*Source data*:
= = = = =

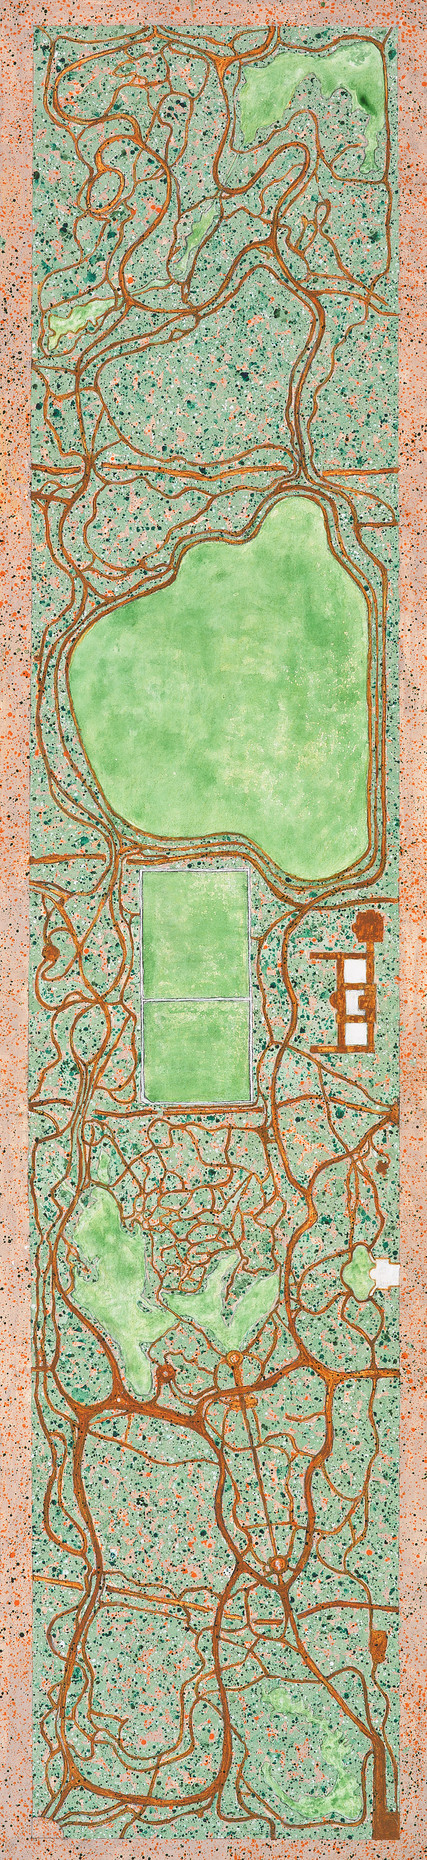 Central Park (Map of Central Park #1)
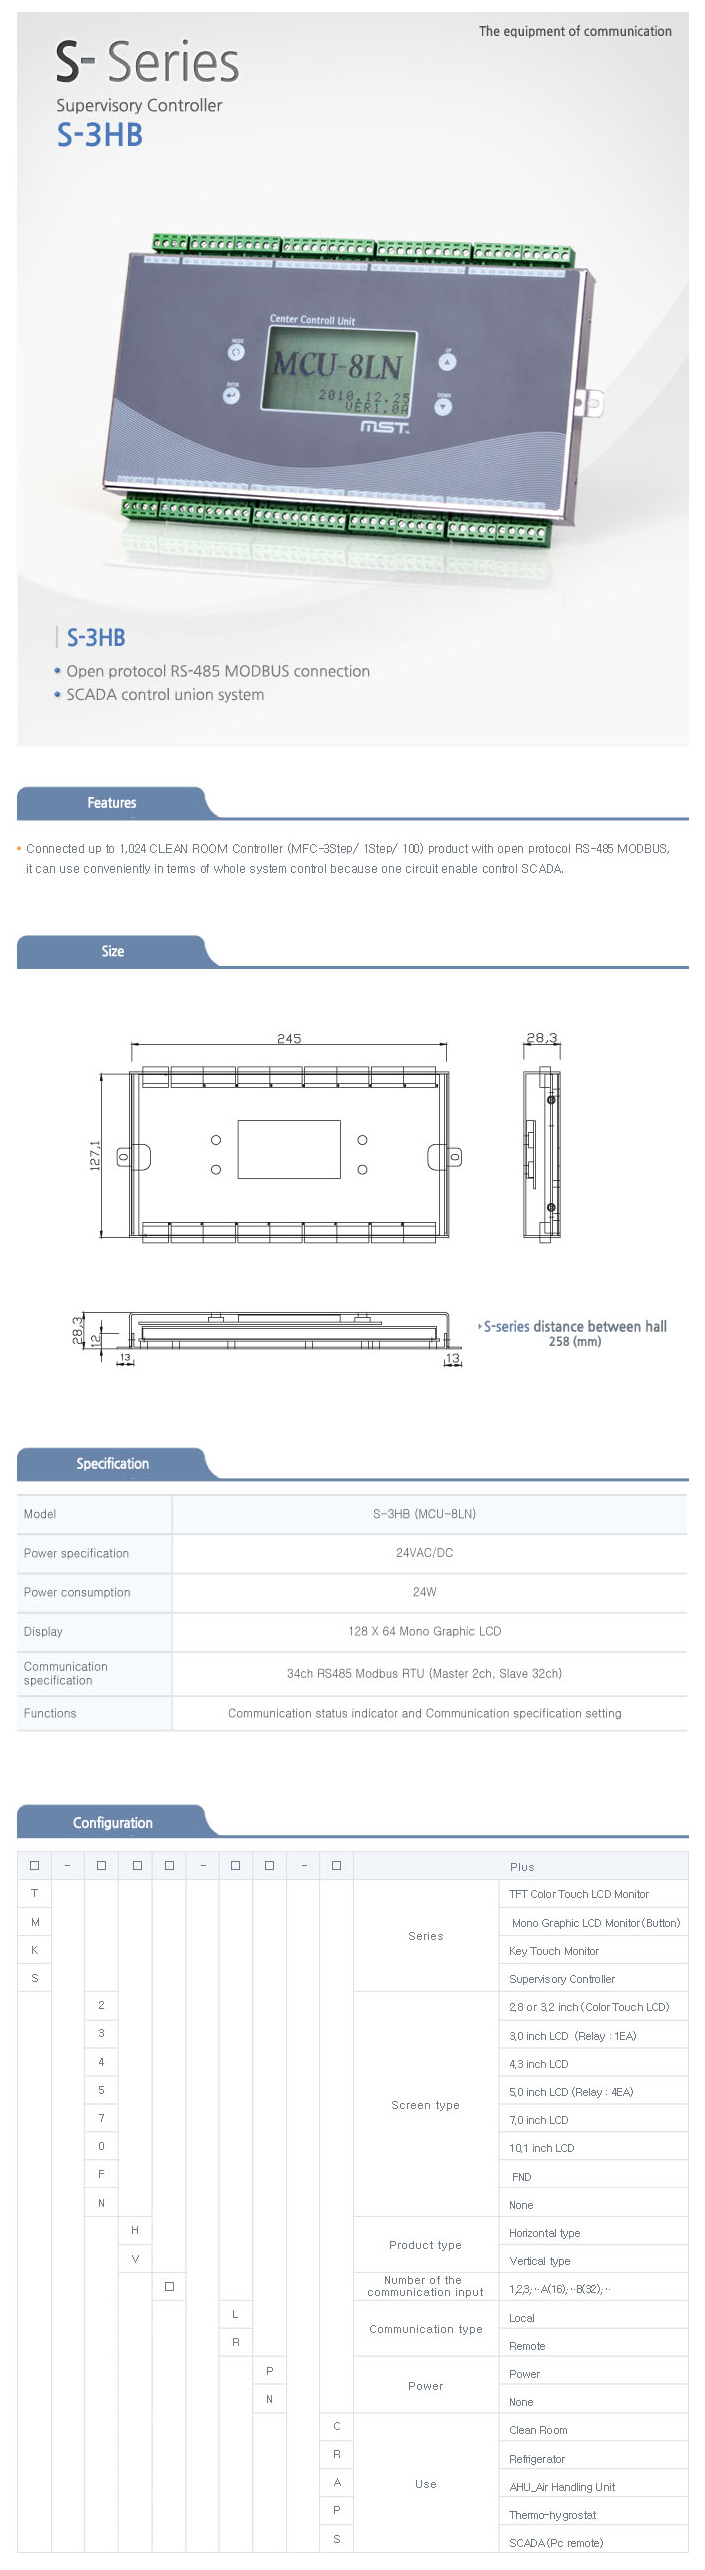 MST Supervisory Controller (S-3HB) S-Series (32port)
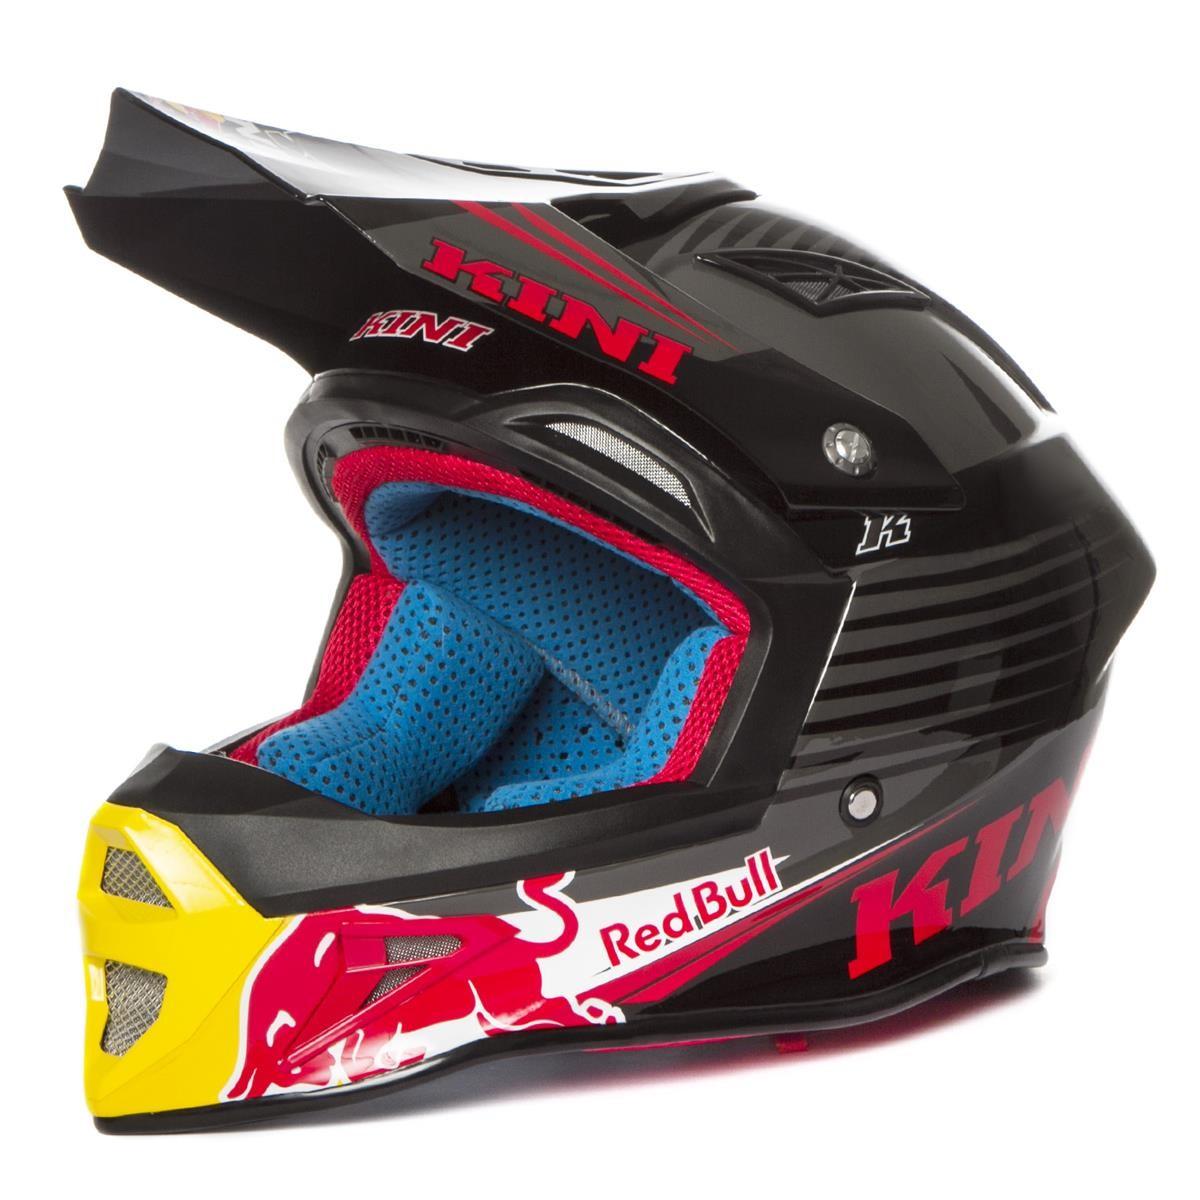 kini red bull casco taglia l mx motocross enduro quad. Black Bedroom Furniture Sets. Home Design Ideas
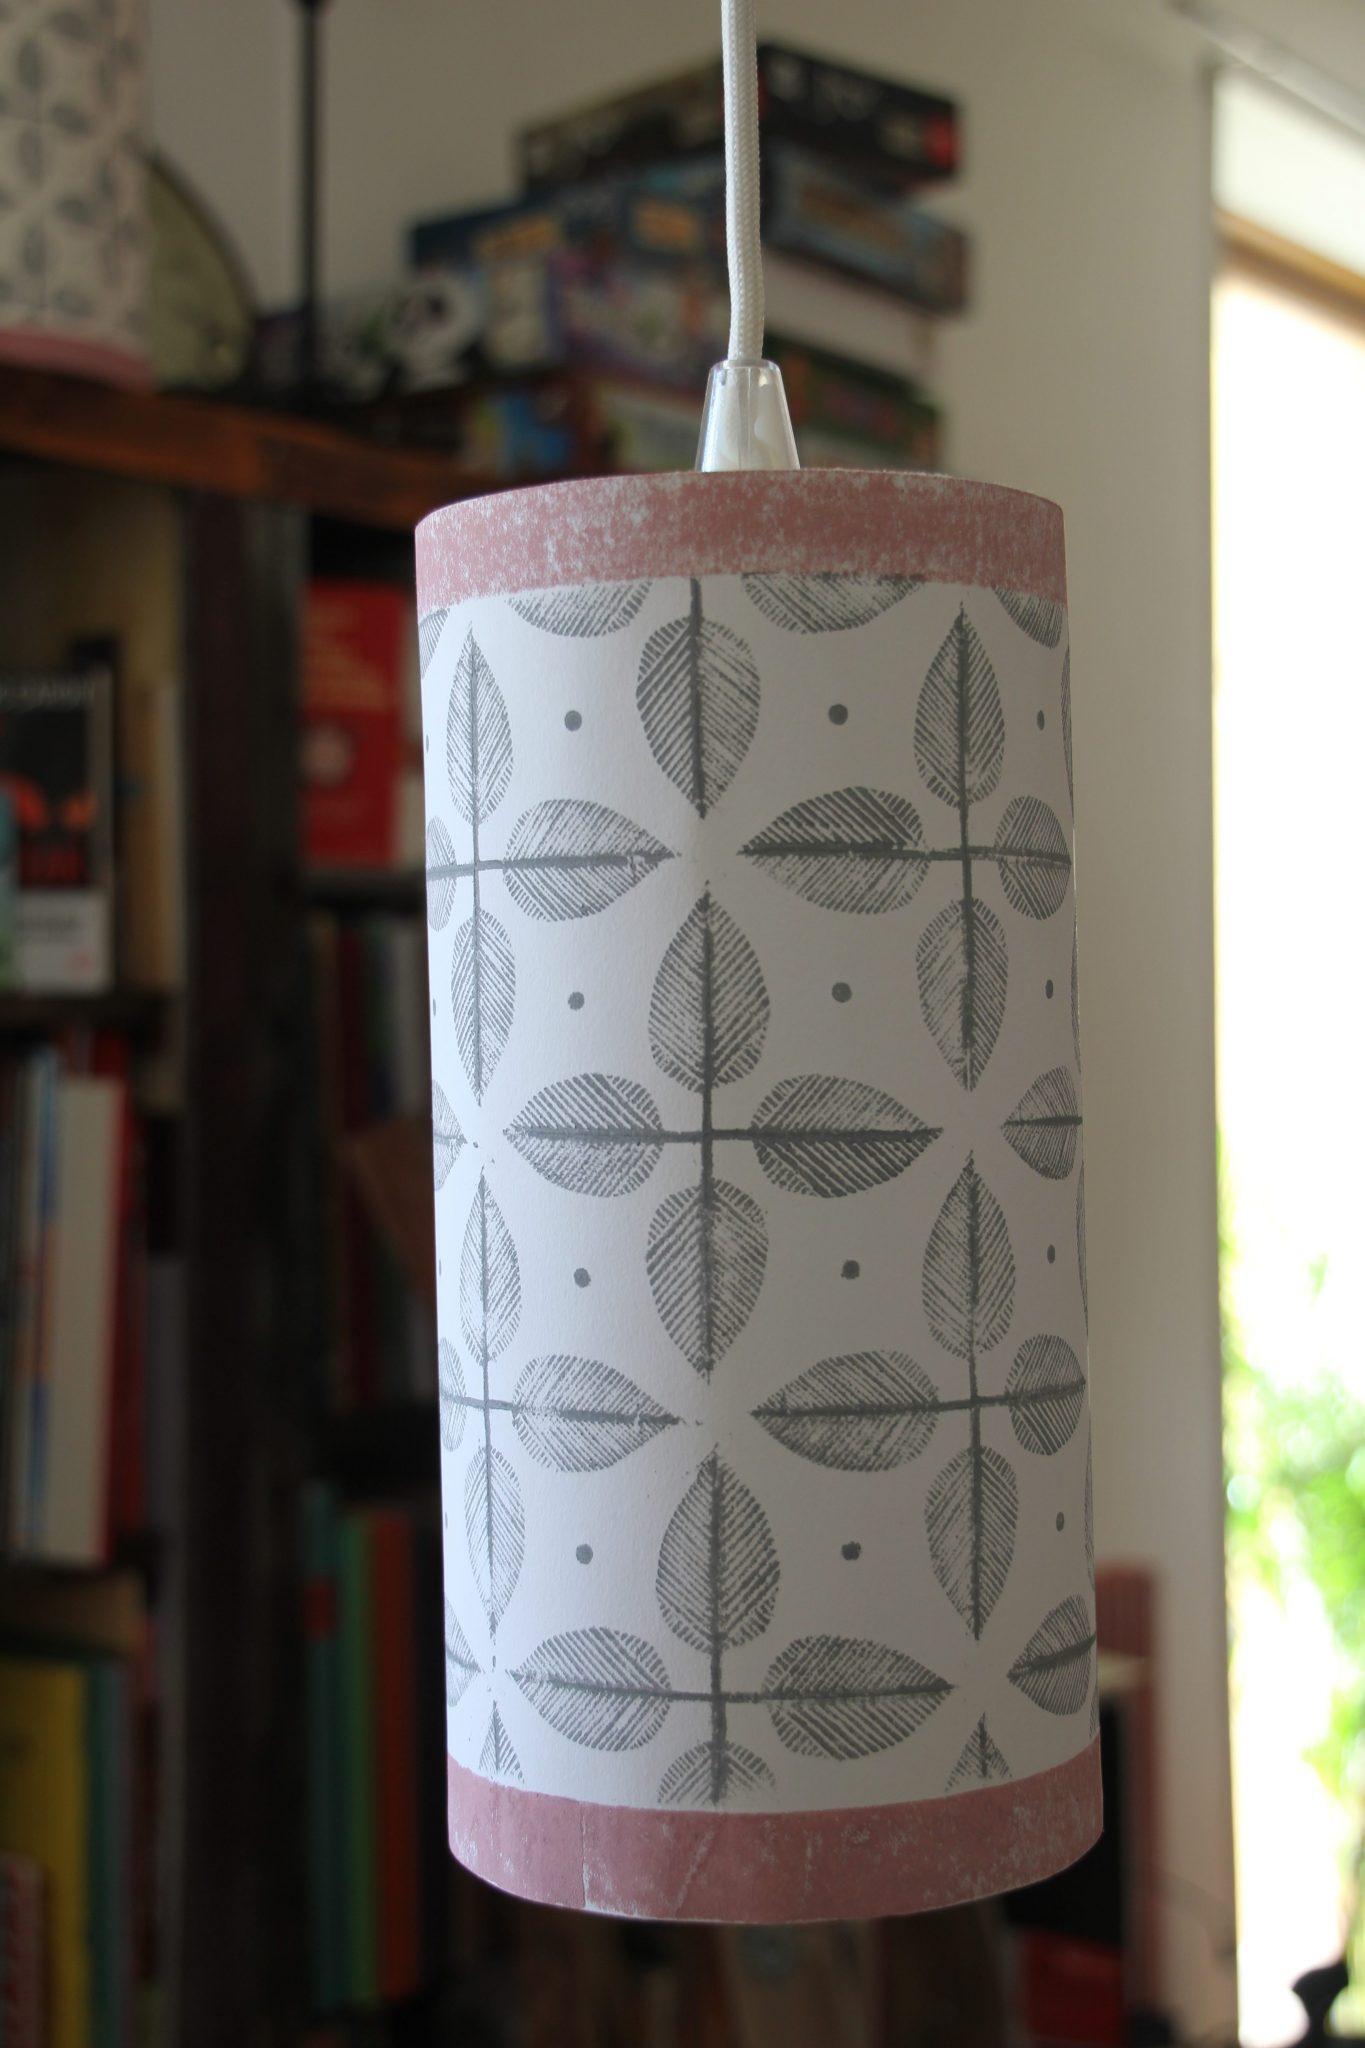 lampe suspendue | LinoLino | Linogravure | Créations artisanales

= = = = =

Return all the lines above exactly; none of the pictures should appear.

 Central Park (Map of Central Park #1)
 MST Supervisory Controller (S-3HB) S-Series (32port)
 kini red bull casco taglia l mx motocross enduro quad. Black Bedroom Furniture Sets. Home Design Ideas
 lampe suspendue | LinoLino | Linogravure | Créations artisanales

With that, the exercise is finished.